My main fit test was on a pair of Asics GT 2000s with size large Stabilicers (suggested for shoe sizes US 10.5-12.5). After reading other reviews online, I was ready for a struggle, but attaching them wasn’t too difficult. It was a tight fit, as it needs to be, and definitely took two hands and some stretching. You may want to have a friend help. Once on the shoe, all sides felt pretty secure except for the heel. As the heel is not a fully-enclosed cup like the toe, the back strap tends to slip down the shoe unless you have a clunky heel or other feature on the back of the shoe to hold it in place. As you can see in the pictures below, this results in a large gap on the heel between the traction sole and the shoe. Securing the PowerStrap, due to its placement further forward on the shoe (picture below), does not mitigate this fit concern. Figuring it may be due to a worn heel on my test shoes with 425 miles on them, I tried it on other sets with the same result. Additionally, the manufacturer website images seem to show a bit of a gap as well, so I figured this was expected. I’ll address the “in use” fit in the next section.

Real-World Performance

My test run was 4 miles at 7:00/mile pace, and rather than shying away from ice, I ran right for it. Though there were patches of exposed asphalt on the rail-to-trail course, I purposely ran through the hairiest line possible, hitting all the snow, slush, and ice possible. I ran intervals and 5k sprints over exposed ice to see if the spikes would slip, and I ran recovery pace through snow drifts to see if the sole would shift. Ultimately, the Stabilicers passed each test I threw at them and came back for more. That’s not to say it was all smooth sailing; it was definitely still evident I was running on unstable surfaces with extra heft on my shoes. During faster intervals, when the force was greatest on my toe at push-off, there was a slight bit of slipping. This may have been attributed to the temperature and snow composition, as the ice and snow was a bit soft on top. On sections of pavement, which these are clearly not designed for, the ride was really rough and I could feel the added force in fewer pressure points on my foot from the cleats; that resulted in a little more soreness in spots, but again, you obviously aren’t supposed to run on concrete with these. I did feel the added weight at times, also leading to some more soreness at the end of the day. Ultimately, I wasn’t expecting the run to feel exactly the same as spring, and it didn’t. But I consider the test run very successful; I never fell, I never felt significant sliding, and most importantly, I had total and complete confidence to run straight over ice and snow.
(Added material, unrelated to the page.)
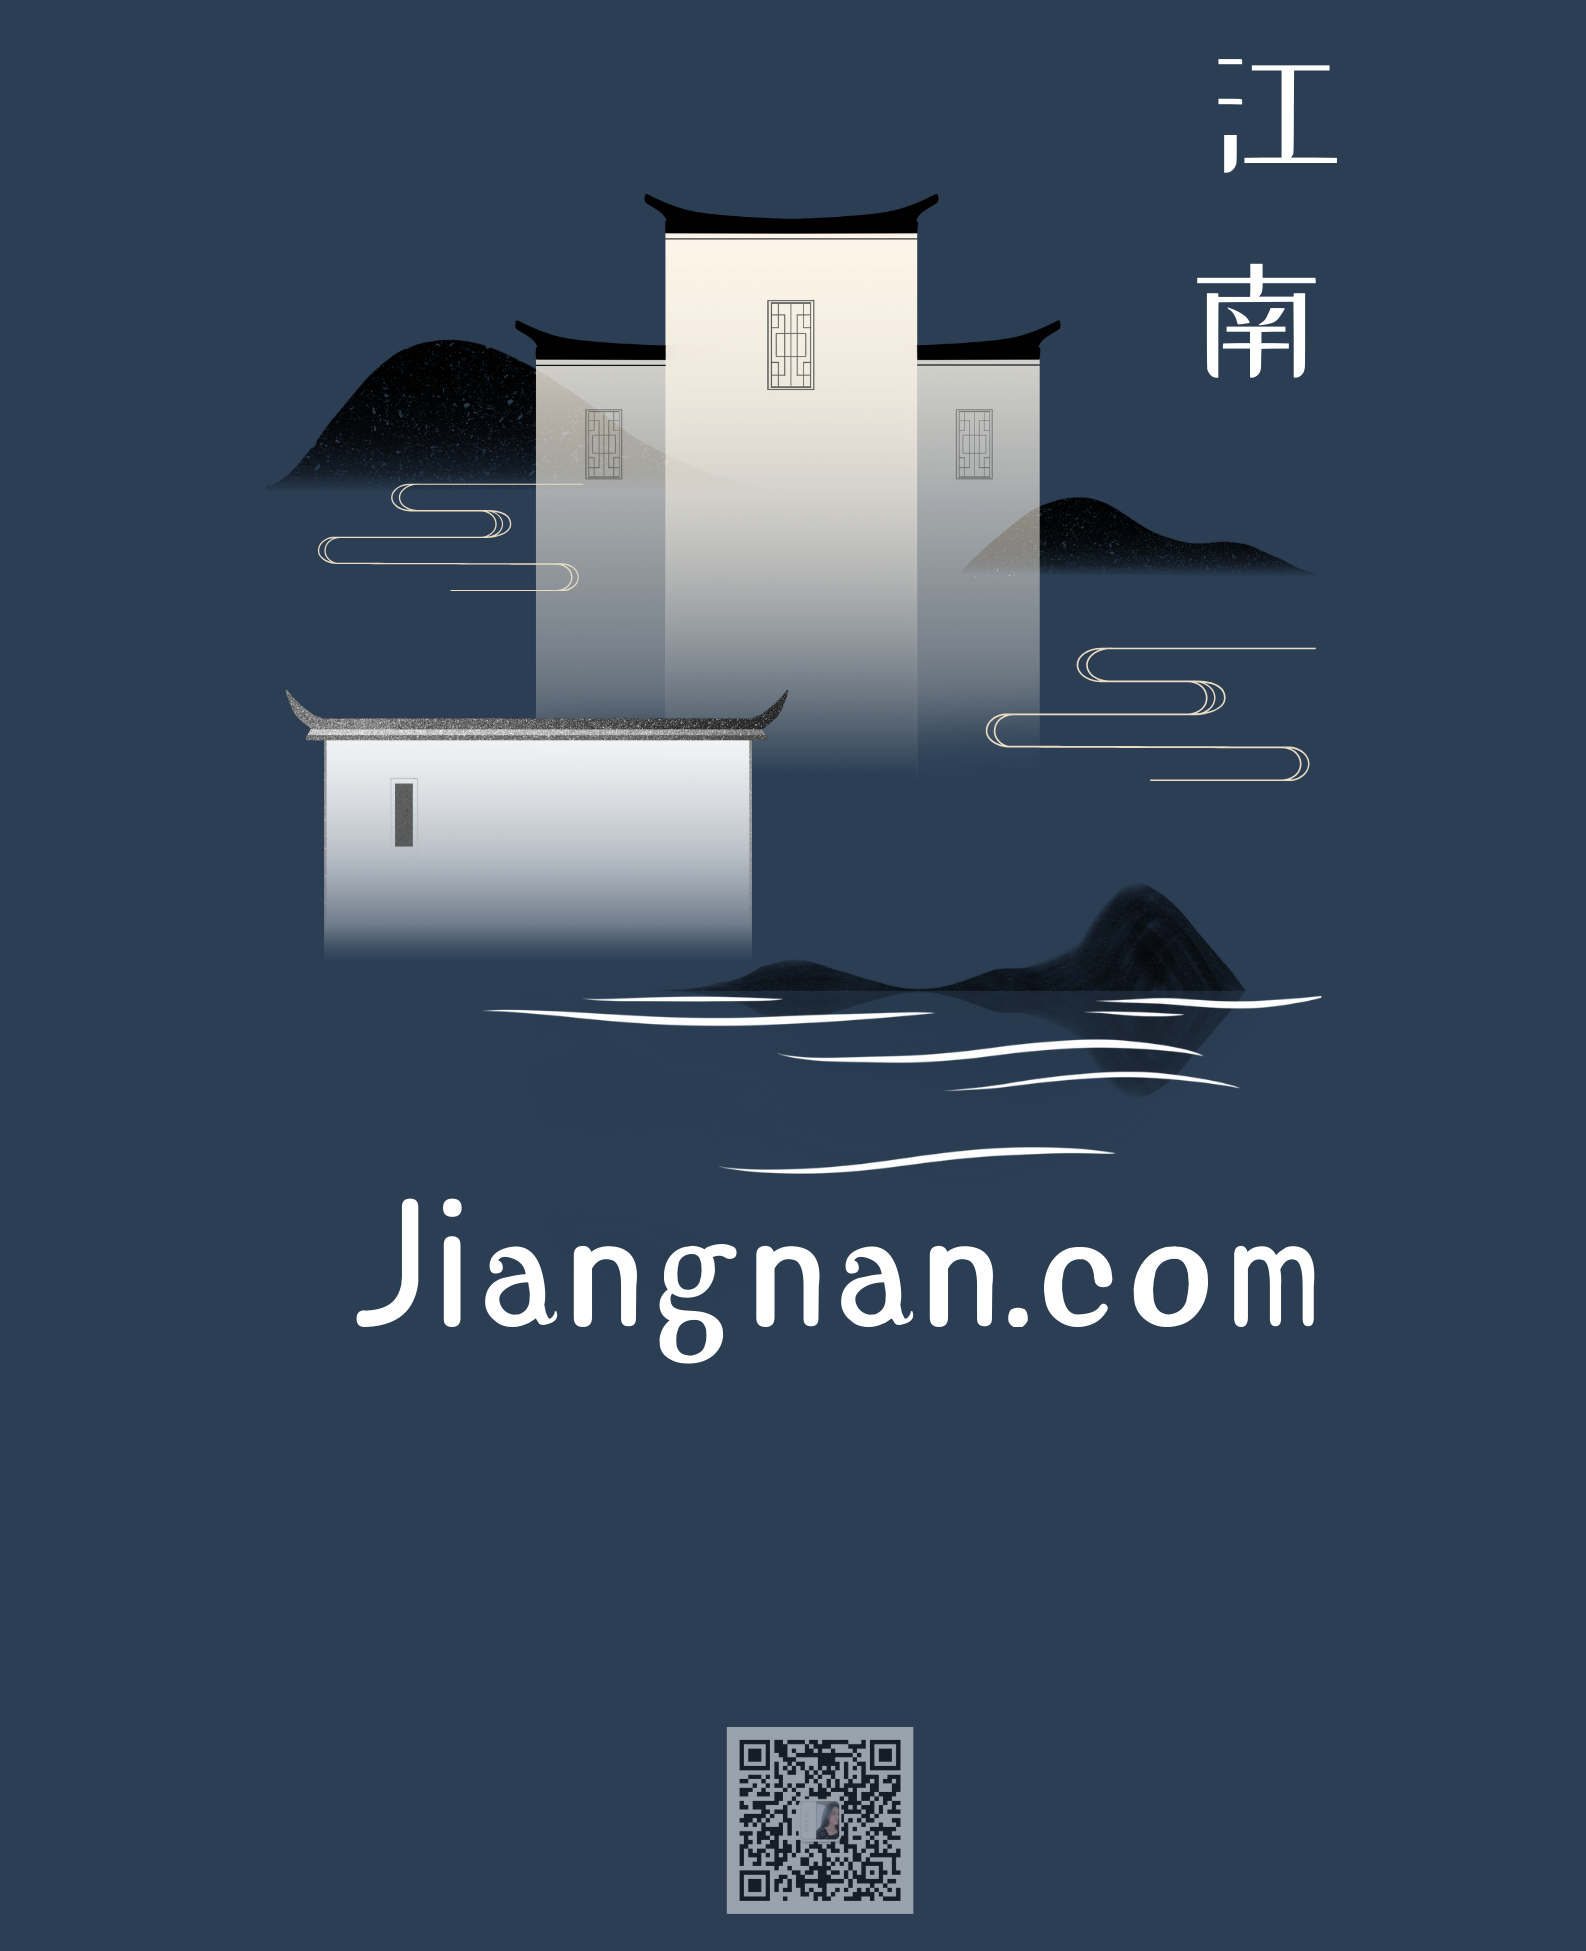 jiangnan.com
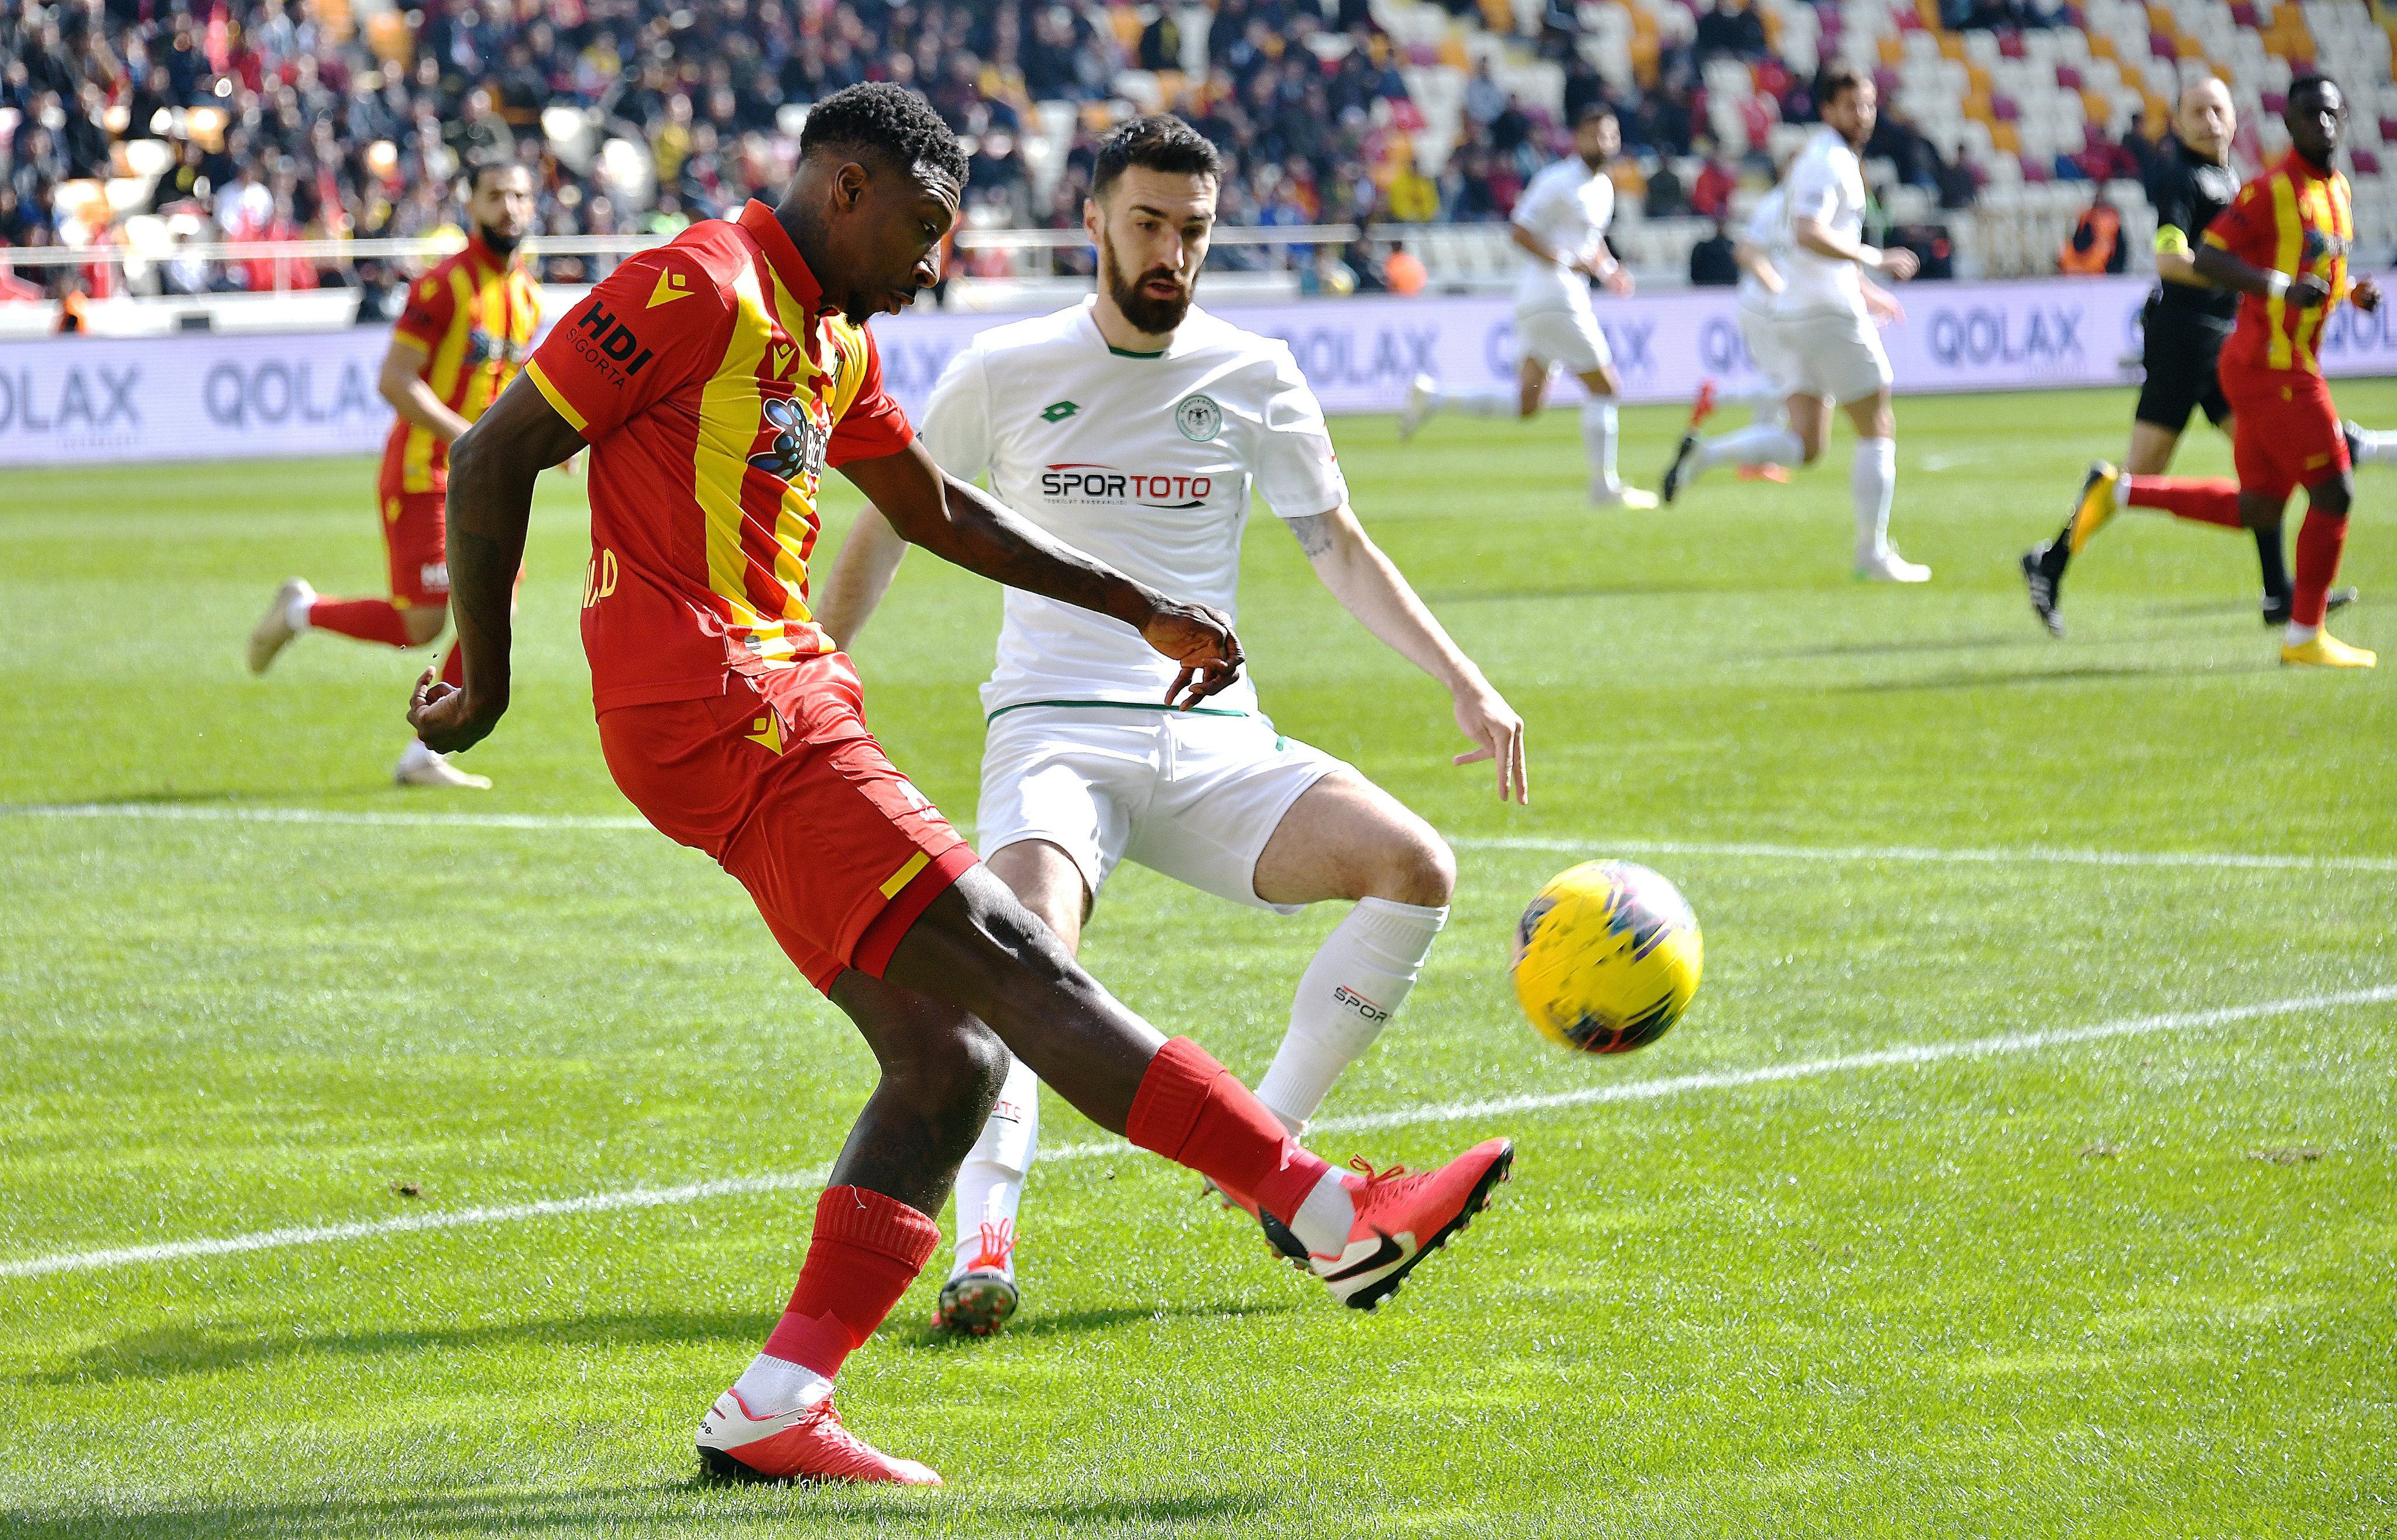 Yeni Malatyaspor-Konyaspor maçından kareler 7

I wore one shoe with the Power Strap and tried the other shoe without. I had zero issues with the Stabilicers shifting during my run, Velcro strap or not. And I really tried to shake them; I hit 4+ inches of snow and slush, I tried midfoot landings and heel striking, I went through snowbanks, and I hit all terrain types, from asphalt to mud to snow. I did all I could to expose the heel gap and they never shifted.

The Verdict

In summary, if there’s a mix of exposed asphalt and snow/ice, I may opt for regular trainers and just pick my way through the snow. Additionally, between the weight and different pressure points on the sole, I’d suggest breaking these in slowly in your training schedule and allowing your body plenty of miles to adapt. I wouldn’t personally wear them on long runs of 10-20 miles, as I have some concerns that they would lead to overuse injuries or tweaks if putting 50 miles a week on them given the different pressure points and added weight. They do allow you to run outdoors, but as much as I hate the treadmill, I’d probably stick indoors for the shorter speed work and wear these outside for 4-8 mile recovery runs.

 Ultimately they performed as intended and gave me the confidence to hit the ice hard. They’re cheaper in price than their competitors, and I’m guessing they’ll hold up a bit better than the DIY ice spike running shoe conversions you’re read about on the internet. And outside of running, they’ll see a lot of winter use between shoveling and walking the dog.